§ **TASK**:
Please reproduce all of the data exactly as it appears, but skip the pictures.
** Opening SUPPLIED DATA block **
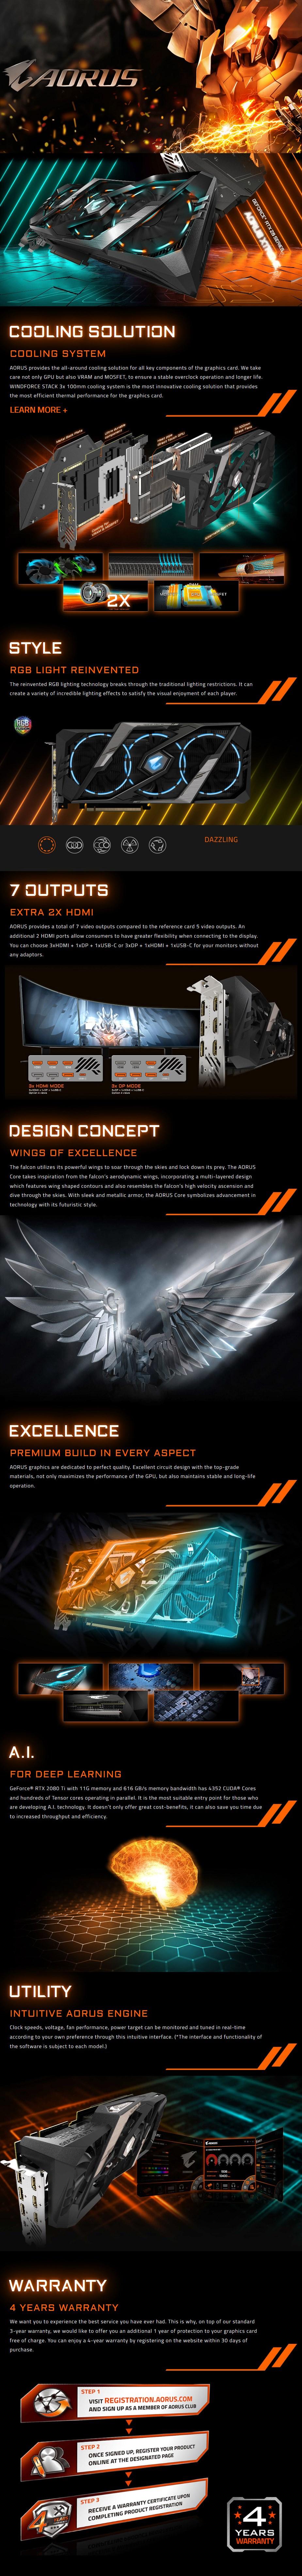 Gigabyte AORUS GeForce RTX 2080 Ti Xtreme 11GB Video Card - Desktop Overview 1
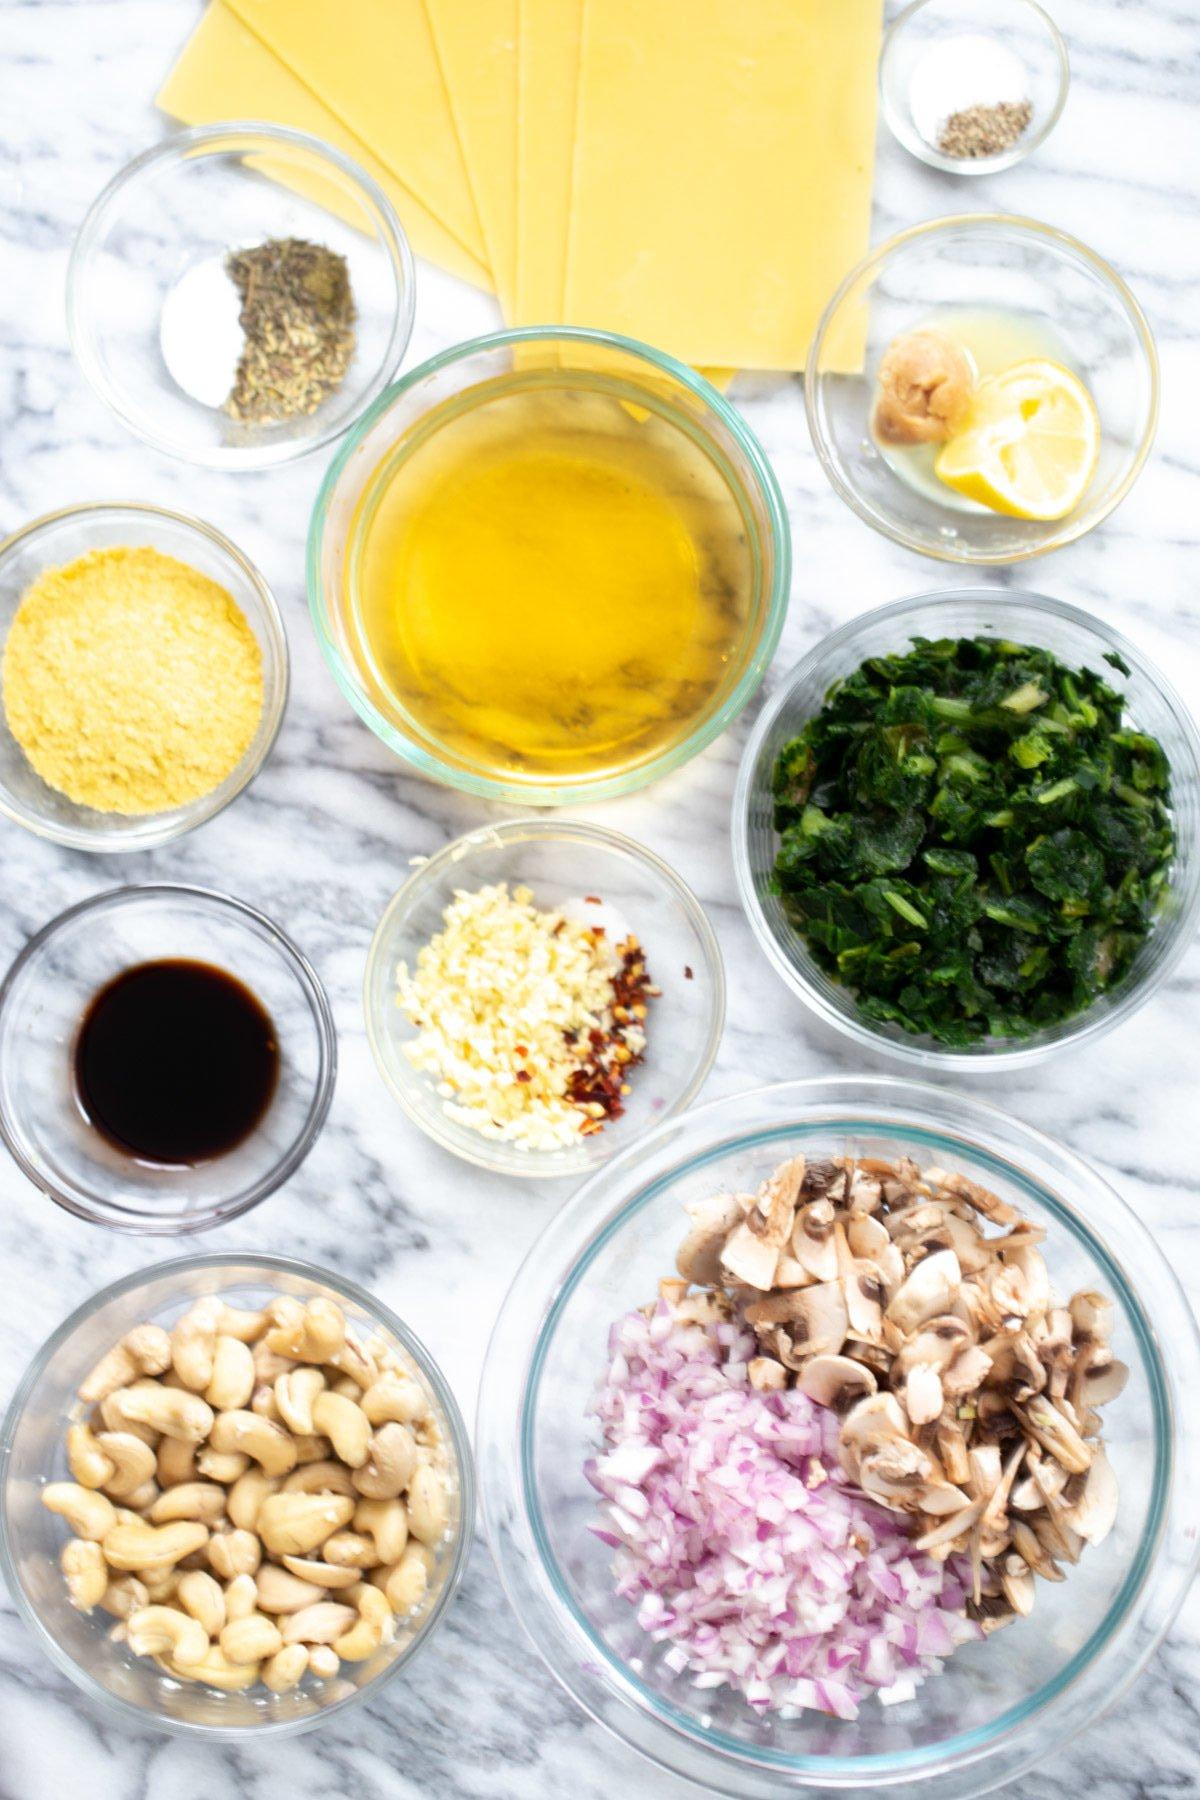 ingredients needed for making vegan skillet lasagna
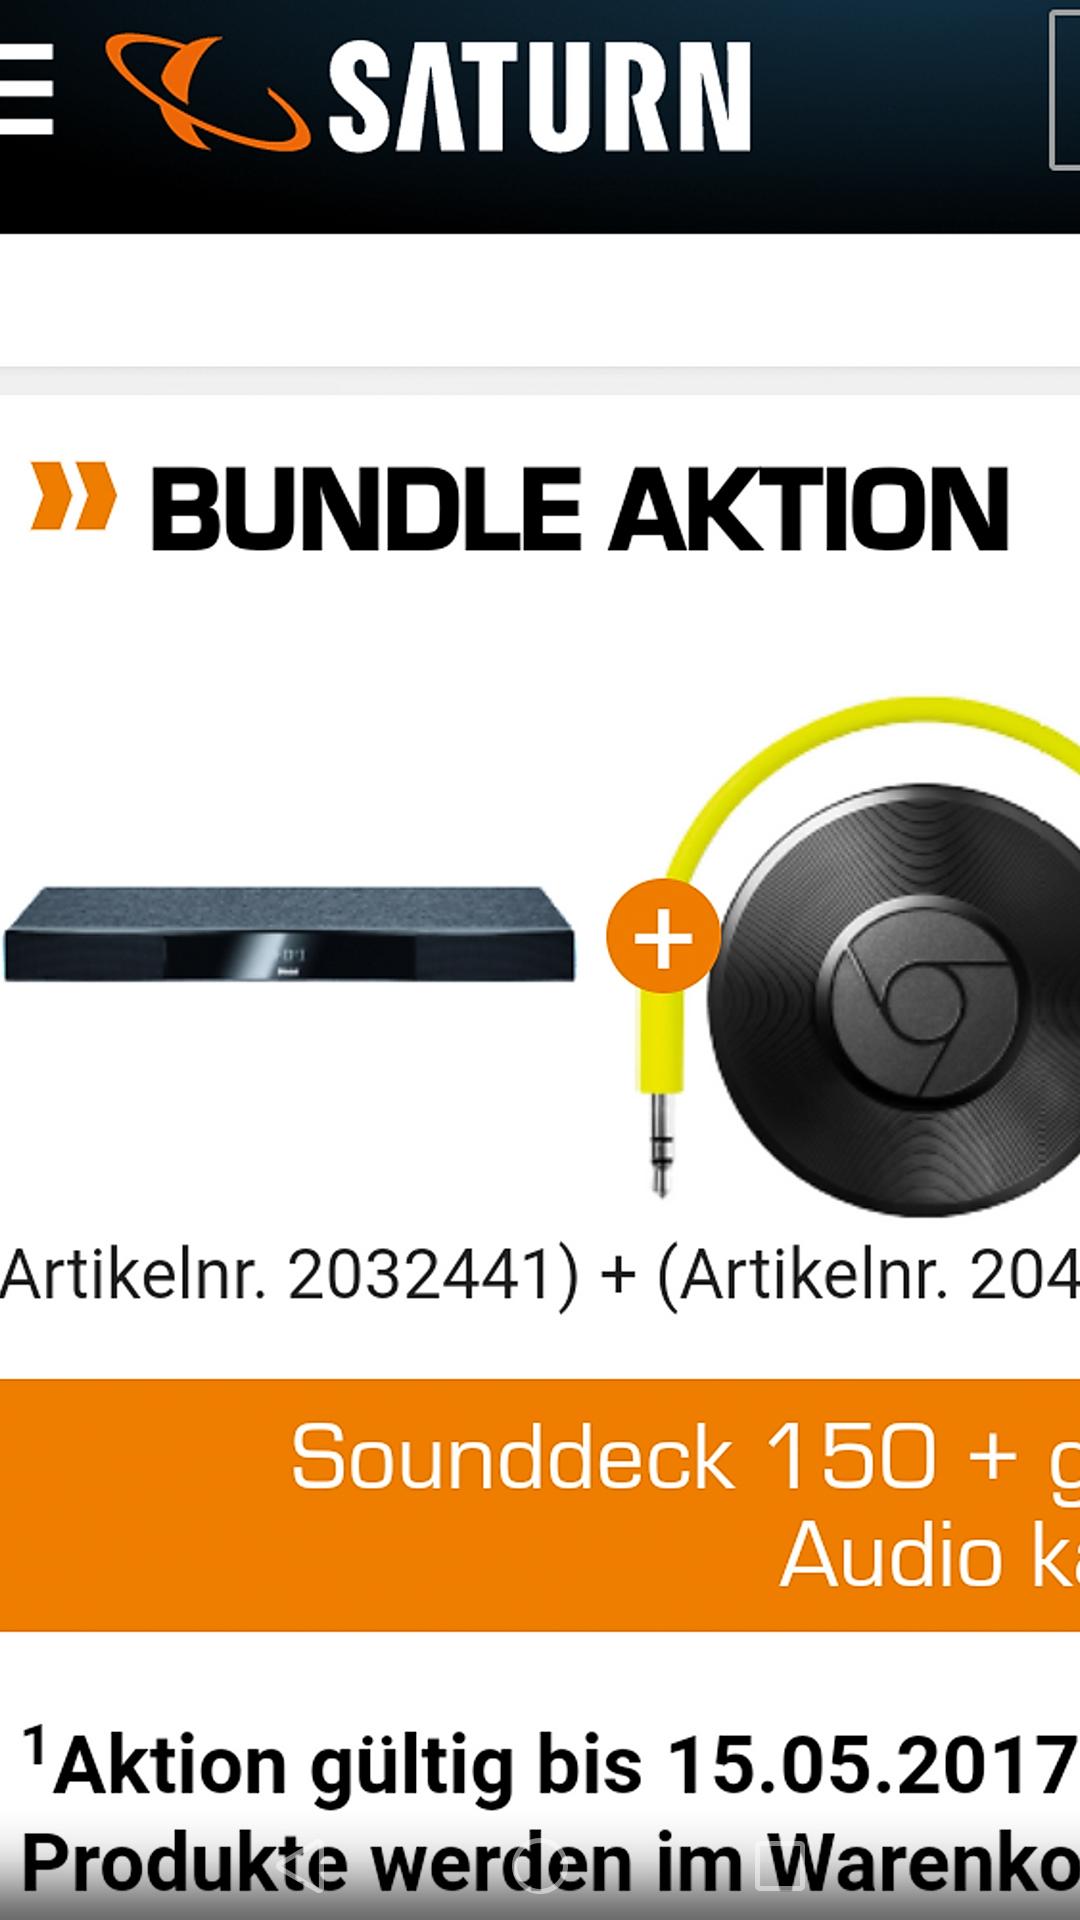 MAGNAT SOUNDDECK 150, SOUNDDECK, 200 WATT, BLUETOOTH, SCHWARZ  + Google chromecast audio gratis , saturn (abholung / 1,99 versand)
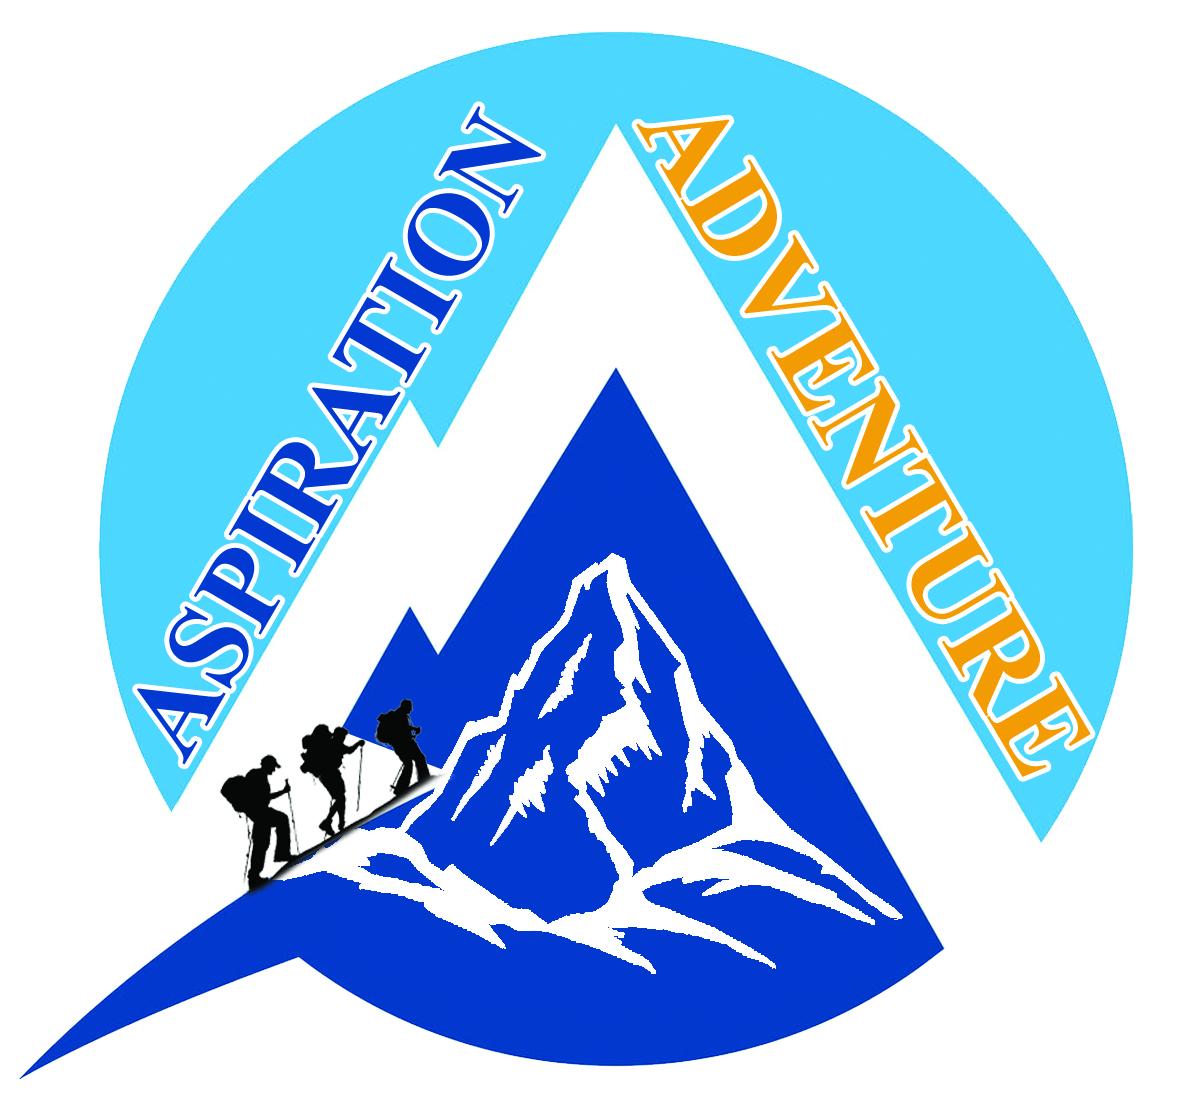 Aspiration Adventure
** Closing SUPPLIED DATA block **
§ **RESPONSE TO THE EXERCISE**:
 Gigabyte AORUS GeForce RTX 2080 Ti Xtreme 11GB Video Card - Desktop Overview 1
 ingredients needed for making vegan skillet lasagna
 MAGNAT SOUNDDECK 150, SOUNDDECK, 200 WATT, BLUETOOTH, SCHWARZ  + Google chromecast audio gratis , saturn (abholung / 1,99 versand)
 Aspiration Adventure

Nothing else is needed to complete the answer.